>>>
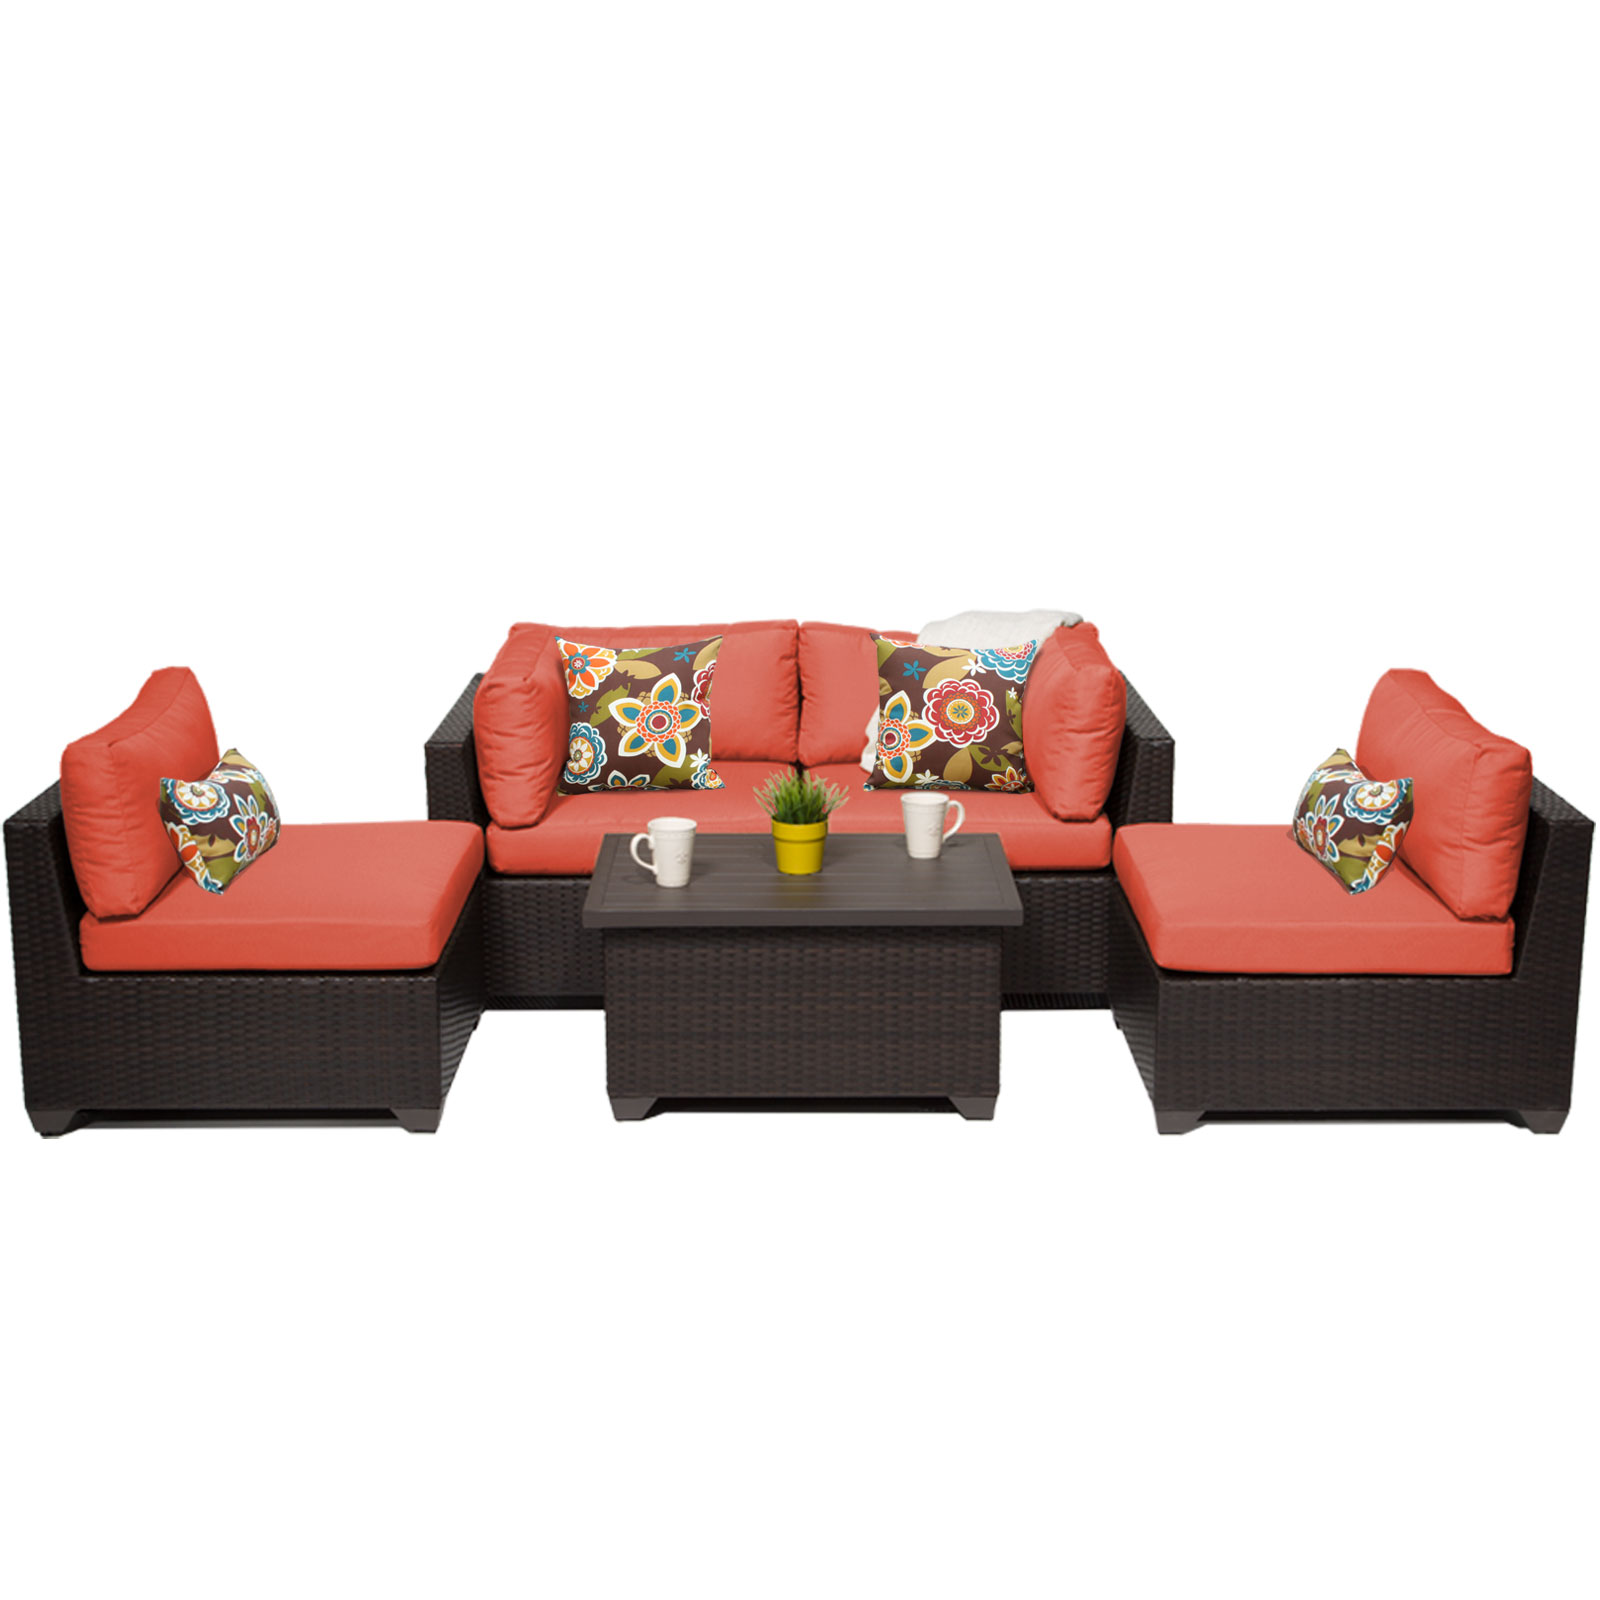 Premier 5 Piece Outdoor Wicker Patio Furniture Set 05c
<<<
>>>
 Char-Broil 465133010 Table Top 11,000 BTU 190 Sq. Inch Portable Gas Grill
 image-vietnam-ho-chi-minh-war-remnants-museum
<<<
**Assigned task:**
Take the lines above from the one containing "Char-Broil 465133010 Table" to the one containing "image-vietnam-ho-chi-minh-war-remnants-museum" and retype them exactly, both ends included, with nothing added.

**Exercise answer:**
 Char-Broil 465133010 Table Top 11,000 BTU 190 Sq. Inch Portable Gas Grill
 image-vietnam-ho-chi-minh-war-remnants-museum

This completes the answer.